- [WHAT IS BEING ASKED]: Reproduce, character for character, the entries from their opening line through the line with "starwars_shirts_gymboree".

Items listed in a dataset
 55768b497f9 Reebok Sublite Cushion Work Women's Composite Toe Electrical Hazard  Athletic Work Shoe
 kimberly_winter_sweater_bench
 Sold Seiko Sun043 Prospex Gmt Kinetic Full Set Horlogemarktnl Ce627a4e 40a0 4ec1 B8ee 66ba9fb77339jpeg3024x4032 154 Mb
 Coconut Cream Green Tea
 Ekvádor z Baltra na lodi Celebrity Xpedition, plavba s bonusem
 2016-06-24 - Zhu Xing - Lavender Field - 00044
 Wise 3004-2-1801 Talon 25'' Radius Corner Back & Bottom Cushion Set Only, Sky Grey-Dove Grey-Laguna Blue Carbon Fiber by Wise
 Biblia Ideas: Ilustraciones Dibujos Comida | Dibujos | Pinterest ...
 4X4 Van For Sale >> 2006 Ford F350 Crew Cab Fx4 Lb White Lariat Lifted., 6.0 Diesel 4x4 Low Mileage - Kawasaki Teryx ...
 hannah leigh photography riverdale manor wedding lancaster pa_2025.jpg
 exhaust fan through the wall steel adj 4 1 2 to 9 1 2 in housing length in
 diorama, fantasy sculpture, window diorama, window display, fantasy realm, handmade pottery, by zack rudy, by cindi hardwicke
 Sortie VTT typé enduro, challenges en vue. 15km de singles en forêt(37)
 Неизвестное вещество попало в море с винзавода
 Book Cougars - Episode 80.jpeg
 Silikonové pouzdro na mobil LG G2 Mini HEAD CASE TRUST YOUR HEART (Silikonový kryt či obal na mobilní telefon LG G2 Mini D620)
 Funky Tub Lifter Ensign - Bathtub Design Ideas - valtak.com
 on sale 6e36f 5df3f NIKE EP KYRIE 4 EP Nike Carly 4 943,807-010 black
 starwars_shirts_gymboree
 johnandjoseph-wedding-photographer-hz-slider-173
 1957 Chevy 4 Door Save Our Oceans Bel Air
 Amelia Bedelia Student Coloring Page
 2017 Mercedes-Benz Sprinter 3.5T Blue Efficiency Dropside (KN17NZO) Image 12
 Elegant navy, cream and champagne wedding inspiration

- [FINISHED EXERCISE]:
 55768b497f9 Reebok Sublite Cushion Work Women's Composite Toe Electrical Hazard  Athletic Work Shoe
 kimberly_winter_sweater_bench
 Sold Seiko Sun043 Prospex Gmt Kinetic Full Set Horlogemarktnl Ce627a4e 40a0 4ec1 B8ee 66ba9fb77339jpeg3024x4032 154 Mb
 Coconut Cream Green Tea
 Ekvádor z Baltra na lodi Celebrity Xpedition, plavba s bonusem
 2016-06-24 - Zhu Xing - Lavender Field - 00044
 Wise 3004-2-1801 Talon 25'' Radius Corner Back & Bottom Cushion Set Only, Sky Grey-Dove Grey-Laguna Blue Carbon Fiber by Wise
 Biblia Ideas: Ilustraciones Dibujos Comida | Dibujos | Pinterest ...
 4X4 Van For Sale >> 2006 Ford F350 Crew Cab Fx4 Lb White Lariat Lifted., 6.0 Diesel 4x4 Low Mileage - Kawasaki Teryx ...
 hannah leigh photography riverdale manor wedding lancaster pa_2025.jpg
 exhaust fan through the wall steel adj 4 1 2 to 9 1 2 in housing length in
 diorama, fantasy sculpture, window diorama, window display, fantasy realm, handmade pottery, by zack rudy, by cindi hardwicke
 Sortie VTT typé enduro, challenges en vue. 15km de singles en forêt(37)
 Неизвестное вещество попало в море с винзавода
 Book Cougars - Episode 80.jpeg
 Silikonové pouzdro na mobil LG G2 Mini HEAD CASE TRUST YOUR HEART (Silikonový kryt či obal na mobilní telefon LG G2 Mini D620)
 Funky Tub Lifter Ensign - Bathtub Design Ideas - valtak.com
 on sale 6e36f 5df3f NIKE EP KYRIE 4 EP Nike Carly 4 943,807-010 black
 starwars_shirts_gymboree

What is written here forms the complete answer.